• [Exercise description]: Say how many lines of the material below contain the word "Perceeloppervlakte", with no other words.

[Opening Material to process section]

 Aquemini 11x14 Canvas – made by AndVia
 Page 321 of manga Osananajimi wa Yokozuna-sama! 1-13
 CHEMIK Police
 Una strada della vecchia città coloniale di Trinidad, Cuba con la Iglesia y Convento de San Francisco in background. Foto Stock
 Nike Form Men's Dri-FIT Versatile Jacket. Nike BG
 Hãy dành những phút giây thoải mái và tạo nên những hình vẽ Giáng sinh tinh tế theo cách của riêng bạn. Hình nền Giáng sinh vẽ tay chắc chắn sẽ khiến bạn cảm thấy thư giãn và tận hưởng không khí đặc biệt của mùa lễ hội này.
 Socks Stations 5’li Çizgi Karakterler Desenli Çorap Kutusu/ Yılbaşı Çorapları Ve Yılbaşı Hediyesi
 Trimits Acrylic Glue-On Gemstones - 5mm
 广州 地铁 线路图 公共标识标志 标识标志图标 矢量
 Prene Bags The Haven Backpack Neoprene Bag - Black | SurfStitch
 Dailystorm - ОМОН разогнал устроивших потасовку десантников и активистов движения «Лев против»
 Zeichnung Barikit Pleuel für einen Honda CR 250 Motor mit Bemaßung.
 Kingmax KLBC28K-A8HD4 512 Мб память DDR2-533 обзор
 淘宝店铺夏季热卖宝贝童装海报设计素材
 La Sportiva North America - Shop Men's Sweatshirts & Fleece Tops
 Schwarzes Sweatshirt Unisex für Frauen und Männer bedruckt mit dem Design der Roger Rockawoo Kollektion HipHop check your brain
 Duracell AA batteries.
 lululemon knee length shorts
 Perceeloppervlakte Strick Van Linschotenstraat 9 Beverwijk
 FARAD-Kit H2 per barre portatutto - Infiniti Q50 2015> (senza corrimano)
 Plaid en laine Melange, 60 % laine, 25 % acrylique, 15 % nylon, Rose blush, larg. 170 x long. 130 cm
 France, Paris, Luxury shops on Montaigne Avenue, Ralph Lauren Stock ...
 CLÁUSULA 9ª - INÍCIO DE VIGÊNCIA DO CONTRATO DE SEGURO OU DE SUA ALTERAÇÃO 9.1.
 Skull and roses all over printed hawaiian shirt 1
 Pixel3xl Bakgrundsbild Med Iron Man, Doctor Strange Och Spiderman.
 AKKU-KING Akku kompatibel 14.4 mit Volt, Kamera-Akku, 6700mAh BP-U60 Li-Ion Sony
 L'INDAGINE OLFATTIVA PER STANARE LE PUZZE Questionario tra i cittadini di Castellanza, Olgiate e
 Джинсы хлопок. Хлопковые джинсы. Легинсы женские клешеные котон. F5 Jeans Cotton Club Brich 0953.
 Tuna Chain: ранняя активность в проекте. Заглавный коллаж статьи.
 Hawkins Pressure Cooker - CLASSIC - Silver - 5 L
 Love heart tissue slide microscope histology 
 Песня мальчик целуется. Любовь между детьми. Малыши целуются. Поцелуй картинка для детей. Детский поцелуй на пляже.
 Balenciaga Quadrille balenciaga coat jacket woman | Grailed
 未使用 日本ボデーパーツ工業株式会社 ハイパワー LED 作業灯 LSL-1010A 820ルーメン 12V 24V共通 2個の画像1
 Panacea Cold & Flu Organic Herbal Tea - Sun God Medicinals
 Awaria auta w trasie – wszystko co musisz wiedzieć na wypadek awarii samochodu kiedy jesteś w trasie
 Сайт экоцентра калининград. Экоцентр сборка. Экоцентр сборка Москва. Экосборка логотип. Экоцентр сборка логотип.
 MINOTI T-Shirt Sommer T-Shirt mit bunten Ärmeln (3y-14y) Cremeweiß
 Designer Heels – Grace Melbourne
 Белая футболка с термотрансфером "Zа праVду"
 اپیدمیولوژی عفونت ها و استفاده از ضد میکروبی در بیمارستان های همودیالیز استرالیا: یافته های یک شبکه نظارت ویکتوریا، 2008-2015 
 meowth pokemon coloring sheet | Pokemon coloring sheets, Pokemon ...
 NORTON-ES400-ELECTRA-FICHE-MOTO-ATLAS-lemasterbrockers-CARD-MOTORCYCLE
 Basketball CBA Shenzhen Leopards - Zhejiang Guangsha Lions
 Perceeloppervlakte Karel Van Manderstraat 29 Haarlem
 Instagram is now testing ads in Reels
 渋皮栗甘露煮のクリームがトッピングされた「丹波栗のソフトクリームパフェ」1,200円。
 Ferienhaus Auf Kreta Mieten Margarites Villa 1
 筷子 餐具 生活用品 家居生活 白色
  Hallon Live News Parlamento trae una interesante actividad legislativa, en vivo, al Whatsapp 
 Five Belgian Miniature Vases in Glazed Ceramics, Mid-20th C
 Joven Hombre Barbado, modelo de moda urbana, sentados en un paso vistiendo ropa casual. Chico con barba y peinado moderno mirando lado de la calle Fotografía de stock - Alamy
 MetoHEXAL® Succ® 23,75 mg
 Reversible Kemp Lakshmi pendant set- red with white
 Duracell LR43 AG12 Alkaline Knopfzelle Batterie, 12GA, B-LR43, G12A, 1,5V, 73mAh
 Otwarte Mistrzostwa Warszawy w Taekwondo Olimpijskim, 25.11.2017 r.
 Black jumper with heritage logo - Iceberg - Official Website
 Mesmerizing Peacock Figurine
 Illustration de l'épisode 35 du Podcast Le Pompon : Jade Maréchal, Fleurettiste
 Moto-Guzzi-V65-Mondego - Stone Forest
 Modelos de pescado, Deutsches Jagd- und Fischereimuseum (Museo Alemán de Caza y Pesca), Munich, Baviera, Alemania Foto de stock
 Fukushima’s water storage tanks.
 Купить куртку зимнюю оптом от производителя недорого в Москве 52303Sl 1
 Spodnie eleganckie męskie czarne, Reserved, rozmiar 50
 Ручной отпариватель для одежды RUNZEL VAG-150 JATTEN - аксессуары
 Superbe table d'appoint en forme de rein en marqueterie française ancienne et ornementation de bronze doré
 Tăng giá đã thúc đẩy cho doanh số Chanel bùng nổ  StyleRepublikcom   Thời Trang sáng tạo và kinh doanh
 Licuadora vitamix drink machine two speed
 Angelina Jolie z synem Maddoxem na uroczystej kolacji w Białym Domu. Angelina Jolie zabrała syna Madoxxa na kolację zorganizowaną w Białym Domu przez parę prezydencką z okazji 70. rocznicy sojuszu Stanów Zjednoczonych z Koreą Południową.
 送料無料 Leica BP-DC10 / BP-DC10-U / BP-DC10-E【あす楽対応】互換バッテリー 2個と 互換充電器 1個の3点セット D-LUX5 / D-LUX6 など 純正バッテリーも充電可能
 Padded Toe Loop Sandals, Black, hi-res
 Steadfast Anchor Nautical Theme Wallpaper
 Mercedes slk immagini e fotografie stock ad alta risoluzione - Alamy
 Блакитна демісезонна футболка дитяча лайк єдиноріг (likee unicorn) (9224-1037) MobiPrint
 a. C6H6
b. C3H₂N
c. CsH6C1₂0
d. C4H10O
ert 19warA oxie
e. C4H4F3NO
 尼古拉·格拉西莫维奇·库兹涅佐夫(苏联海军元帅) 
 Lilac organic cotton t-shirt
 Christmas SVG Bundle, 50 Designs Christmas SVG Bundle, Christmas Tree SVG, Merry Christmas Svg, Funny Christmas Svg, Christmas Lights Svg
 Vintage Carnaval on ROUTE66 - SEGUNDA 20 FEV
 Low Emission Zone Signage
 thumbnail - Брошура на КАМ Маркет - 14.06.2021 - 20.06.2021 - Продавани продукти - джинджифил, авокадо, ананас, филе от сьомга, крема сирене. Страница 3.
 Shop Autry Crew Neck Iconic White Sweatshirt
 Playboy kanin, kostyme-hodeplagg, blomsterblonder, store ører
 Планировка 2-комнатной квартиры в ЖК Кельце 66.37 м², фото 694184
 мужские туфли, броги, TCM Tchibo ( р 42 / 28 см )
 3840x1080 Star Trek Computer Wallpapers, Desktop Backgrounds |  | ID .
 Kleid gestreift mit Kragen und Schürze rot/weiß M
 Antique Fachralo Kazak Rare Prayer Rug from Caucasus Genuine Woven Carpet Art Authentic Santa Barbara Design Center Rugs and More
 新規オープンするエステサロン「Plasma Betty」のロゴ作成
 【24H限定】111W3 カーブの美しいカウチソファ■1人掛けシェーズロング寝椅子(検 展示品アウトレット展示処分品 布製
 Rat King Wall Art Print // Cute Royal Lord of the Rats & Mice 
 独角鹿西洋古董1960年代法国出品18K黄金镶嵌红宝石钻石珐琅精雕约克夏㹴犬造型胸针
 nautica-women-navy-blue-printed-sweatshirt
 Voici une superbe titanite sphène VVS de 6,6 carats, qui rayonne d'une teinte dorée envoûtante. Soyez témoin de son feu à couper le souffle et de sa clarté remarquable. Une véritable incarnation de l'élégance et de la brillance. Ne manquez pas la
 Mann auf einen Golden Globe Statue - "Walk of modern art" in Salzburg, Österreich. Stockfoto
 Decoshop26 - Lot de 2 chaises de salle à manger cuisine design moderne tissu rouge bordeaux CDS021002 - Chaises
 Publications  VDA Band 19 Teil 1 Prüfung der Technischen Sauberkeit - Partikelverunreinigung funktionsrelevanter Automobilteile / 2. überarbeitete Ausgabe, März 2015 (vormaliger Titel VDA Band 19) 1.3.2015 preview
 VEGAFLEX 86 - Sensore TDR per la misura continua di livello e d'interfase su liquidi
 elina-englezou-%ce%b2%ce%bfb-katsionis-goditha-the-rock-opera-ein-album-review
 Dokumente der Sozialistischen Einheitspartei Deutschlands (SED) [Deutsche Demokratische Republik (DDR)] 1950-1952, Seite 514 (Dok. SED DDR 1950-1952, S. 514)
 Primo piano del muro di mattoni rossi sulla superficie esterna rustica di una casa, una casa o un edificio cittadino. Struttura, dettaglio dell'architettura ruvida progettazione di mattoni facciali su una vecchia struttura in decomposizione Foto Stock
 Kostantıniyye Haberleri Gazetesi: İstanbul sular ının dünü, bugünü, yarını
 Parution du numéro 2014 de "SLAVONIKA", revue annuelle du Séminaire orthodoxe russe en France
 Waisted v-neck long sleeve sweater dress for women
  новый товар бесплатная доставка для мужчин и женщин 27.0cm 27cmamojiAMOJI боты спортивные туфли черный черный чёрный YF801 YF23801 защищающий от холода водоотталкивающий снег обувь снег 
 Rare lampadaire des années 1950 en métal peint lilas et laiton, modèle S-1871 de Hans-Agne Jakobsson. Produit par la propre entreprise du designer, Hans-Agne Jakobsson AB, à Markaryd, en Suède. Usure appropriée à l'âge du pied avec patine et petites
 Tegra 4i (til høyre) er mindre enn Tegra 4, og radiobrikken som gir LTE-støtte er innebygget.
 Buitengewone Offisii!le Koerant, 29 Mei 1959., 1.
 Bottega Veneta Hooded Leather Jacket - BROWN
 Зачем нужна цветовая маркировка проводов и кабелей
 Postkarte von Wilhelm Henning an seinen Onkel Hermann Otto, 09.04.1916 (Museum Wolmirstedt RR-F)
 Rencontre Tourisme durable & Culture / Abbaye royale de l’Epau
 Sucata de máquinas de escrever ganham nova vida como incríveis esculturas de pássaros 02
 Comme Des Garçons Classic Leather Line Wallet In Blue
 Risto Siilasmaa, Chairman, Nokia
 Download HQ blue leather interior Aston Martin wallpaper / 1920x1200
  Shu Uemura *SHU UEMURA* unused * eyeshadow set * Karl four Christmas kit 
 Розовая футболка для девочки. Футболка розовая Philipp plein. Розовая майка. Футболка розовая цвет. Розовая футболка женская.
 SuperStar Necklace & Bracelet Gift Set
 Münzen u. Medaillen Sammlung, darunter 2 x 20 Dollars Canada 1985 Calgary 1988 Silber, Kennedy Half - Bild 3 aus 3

[Closing Material to process section]

• [Result for this task]: 2